[1] My sense is that few of those items would invoke much, beyond ones like "AC/DC," which many black and Hispanic children would probably recognize as a heavy-metal rock group of the mid-1980s. By AC/DC, I take Hirsch to be referring to its electrical connotations. It is unlikely that he seeks the popular-culture answer that it means bisexual.

[2] In his forward to Greimas's work On Meaning, Fredric Jameson notes that Greimas's work is so complex and so dense that it is difficult to absorb as a whole. Jameson mentions that his own way of dealing with the work is to read it for what he finds useful and of value and to leave what he doesn't understand at the moment for the next time he returns to the text. The works examined in this section, those of Paolo Freire, Sylvia Scribner and Michael Cole, Shirley Brice Heath and Olga Vasquez, are very sophisticated, too sophisticated to be able to do them justice in a few paragraphs or pages of summary. Instead the elements of those works that bear directly on the argument under construction here will be mined and a fuller understanding of this body of work left to the reader at his or her own leisure.

[3] Many of these goals are completely unrealistic. I.e., "Compare computer processing and storage capabilities to the human brain, listing some general similarities and differences. (Johnson, David, et. al., 1980, p.93 -italics in original)

[4] The Johnson, Anderson, Hansen and Klassen article discussed above, "Computer Literacy - What is it?" lists so many different goals and objectives that it falls into each of the following categories. in the interests of preserving space I have eliminated their names from the sources, but they could be listed in each of the categories.

[5] This is particularly limited in that it doesn't imply or specify any ability to distinguish those needs in the first place or any ability to use computers to investigate and establish those needs.

[6] CAI = Computer Aided Instruction -mechanistic drill and practice software that has been proven to improve students' scores on standard tests (cf. Tonacci 1989, "Back to Basics"). There is little proof that these systems allow anything more than this, besides helping schools replace teachers with machinery

[7] In probably the broadest set of expectations elaborated anywhere about what computer literacy might mean for the society at large, Deringer and Molnar state the objectives of a 1980 National Science Foundation conference on computer literacy. They begin by noting that the "conference agreed that there [was] a national need for 'computer literacy' [and agreed] that we are experiencing a growing national problem" (Deringer and Molnar 1982, p.4). Their objectives are equally broad and general. To whit: "Due to the decline in national productivity, the increase in foreign trade competition, and national defense and safety needs, computers have emerged as the major force for ameliorating these conditions. Consequently, the shortage of computer specialists and knowledge workers has raised the problem of computer literacy to the level of a national crisis" (Deringer and Molnar 1982, p.4).

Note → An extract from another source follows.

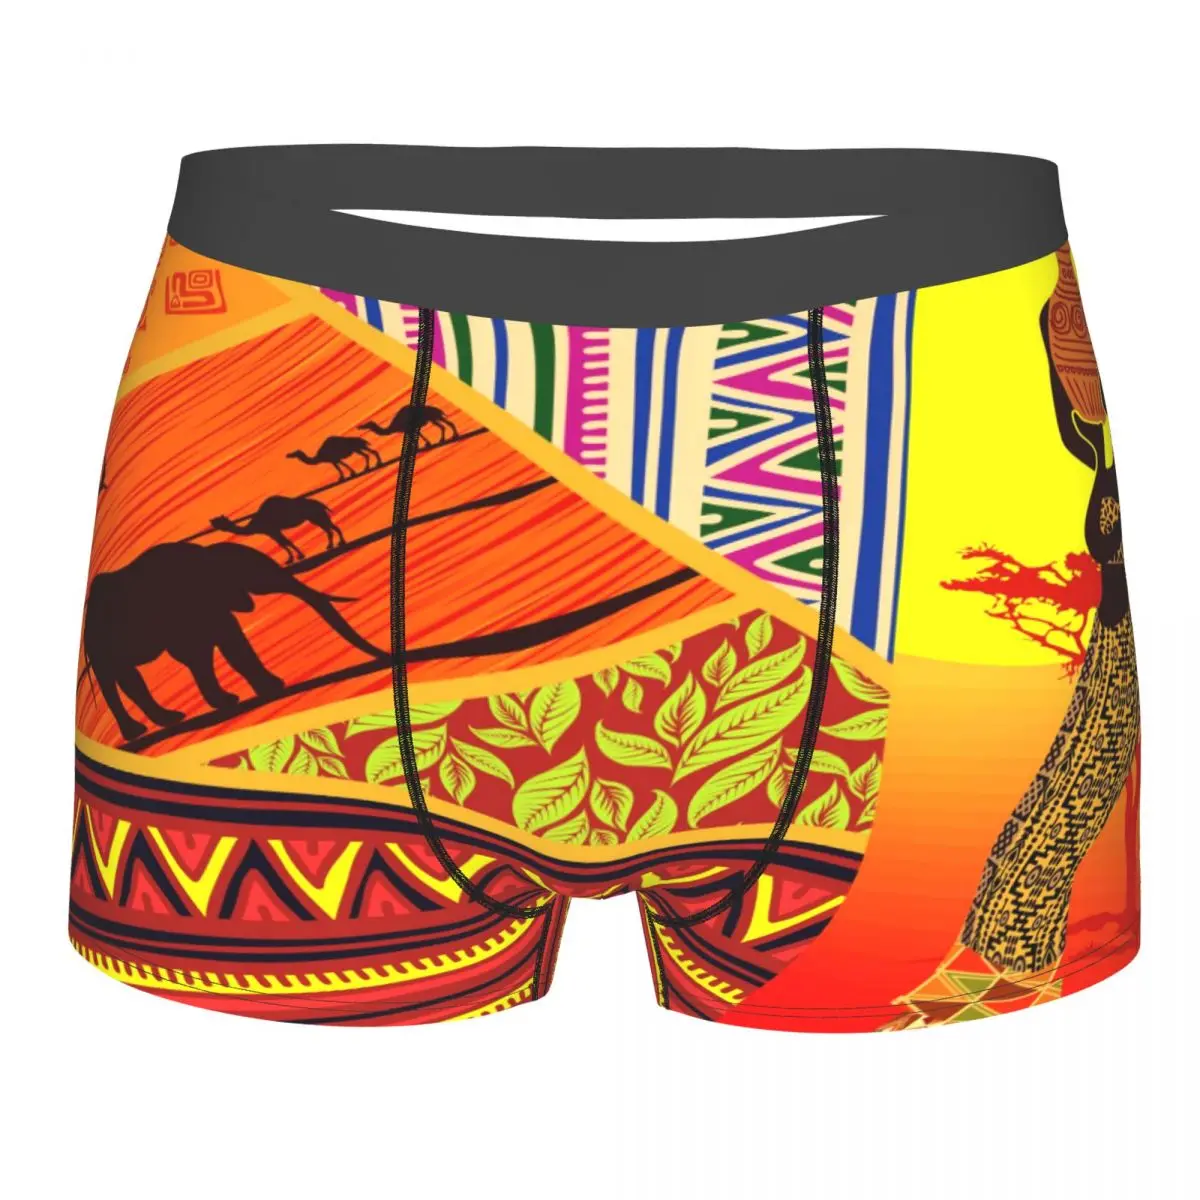 Boxer Men Shorts Underwear Male African Women With Tree And Animals Ornament Boxershorts Panties Underpants Man Sexy
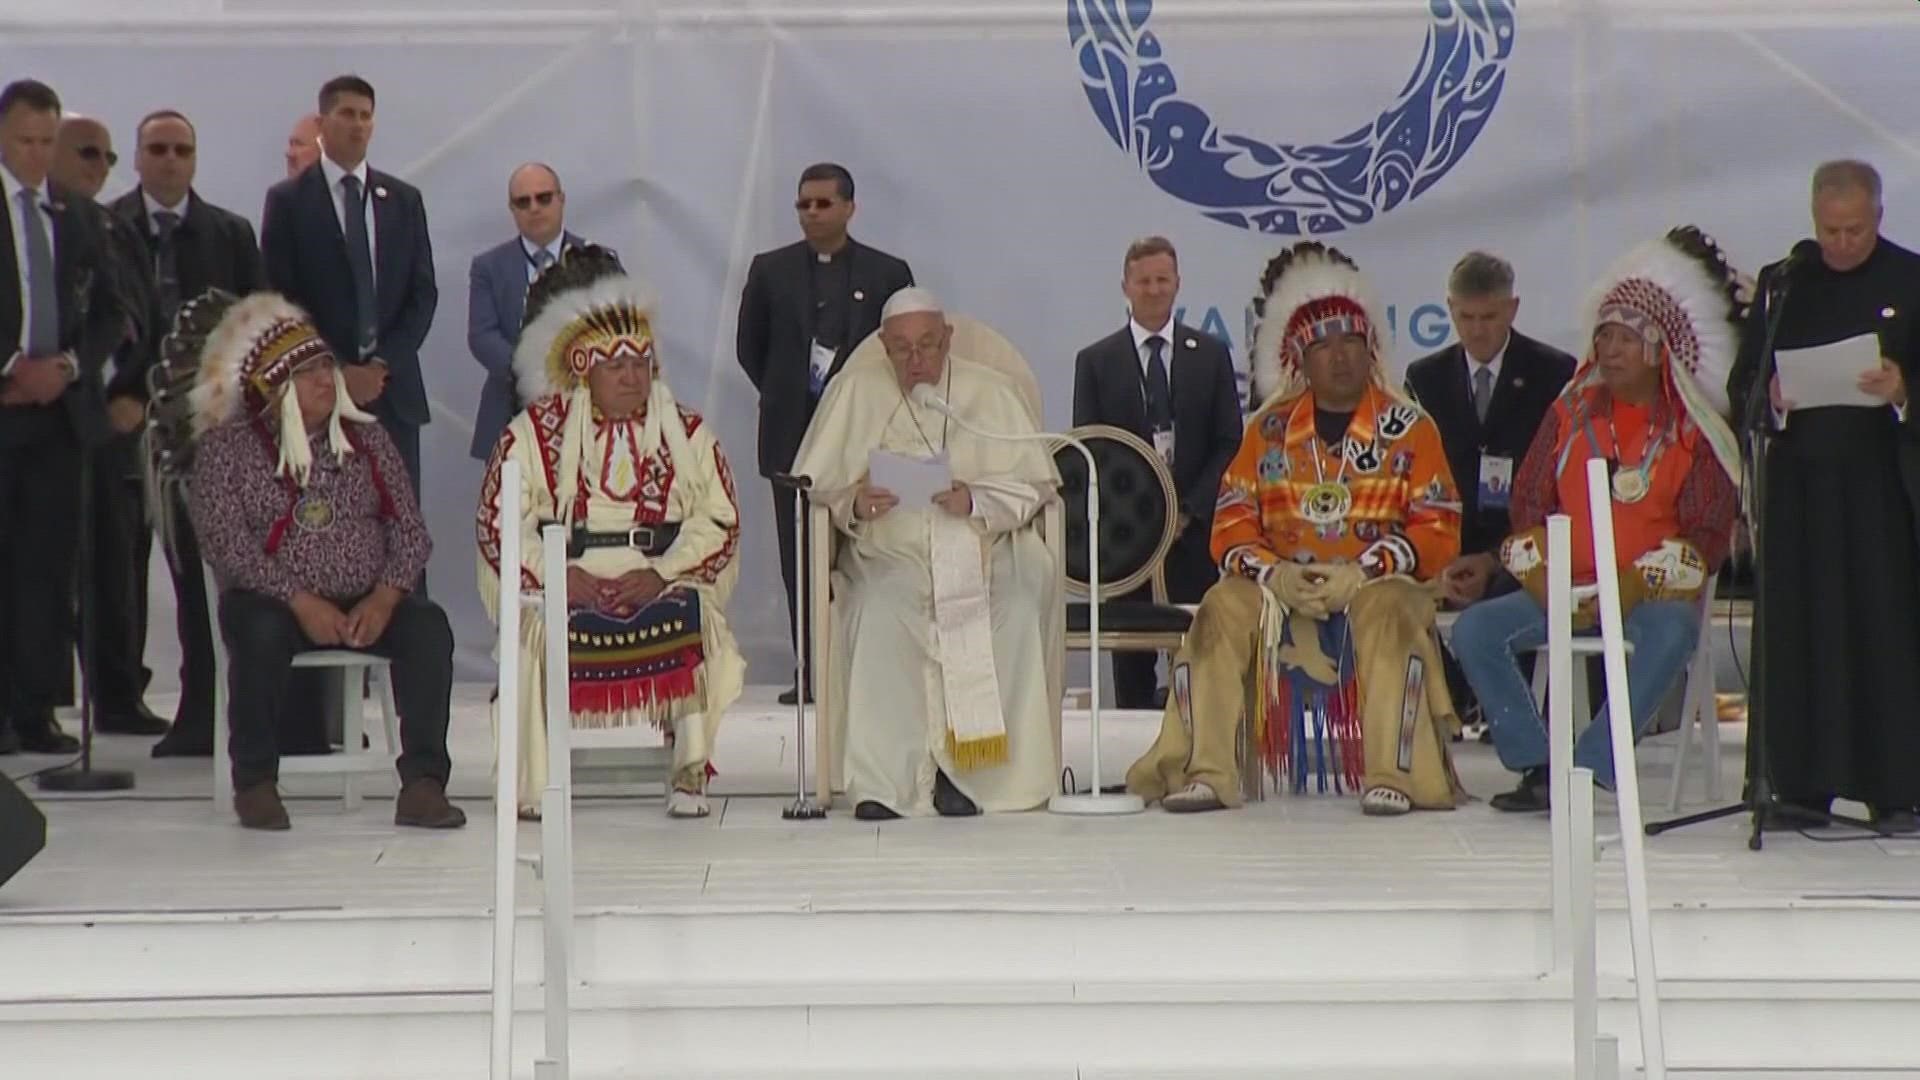 The pontiff says the forced assimilation of Native peoples into Christian society destroyed their cultures, severed their families and marginalized generations.

[8] It is interesting to note that it took longer to work through the indexes than it did to read all the useful articles listed.

[9] This is someone who obviously never worked with an Apple ][+ or an early Unix box, neither of which was known for being particularly consistent. Lately I have also wished that I could sit them in front of the word processing package I am using to write this paper. At odd moments it has taken to telling me, in a screen-wide, reverse video line at the bottom of the screen:
WARNING! FILE WRITE ERROR - WRITE FILE SOMEWHERE ELSE AND EXIT ASAP!!

[10] Raymond Williams notes how modern mass media have changed the function of drama in modern society from that of a center for political discussion to that where the activity takes place on the screen and the spectator is left with: "Fiction; acting; idle dreaming and vicarious spectacle; the simultaneous satisfaction of sloth and appetite; distraction from distraction by distraction" (Williams 1975 p.7).

[11] The term "hacking" originally meant to be persistent in trying to figure out some element, aspect or utility of a computer system by trying anything necessary to get it to function (usually without reference to system documentation)."A Hacker is any person who derives joy from discovering ways to circumvent limitations" (Robert Bickford - rab@well.com 1986). The term is frequently misused by flacks in the popular media to describe the activity of making illegal entry to a computer system. In the community of computer professionals, hacking is still viewed as an honorable activity and a valued skill"

[12] Computer files have three characteristics: read, write and execute (program files only) or, in other words, read and write text, when the file is in a text format, and execute the application or program. Most information services - radio, television, newspapers and magazines - are "read only" texts in that there is no way to alter the text itself. This is also part of what Williams is getting at above in his criticism of drama.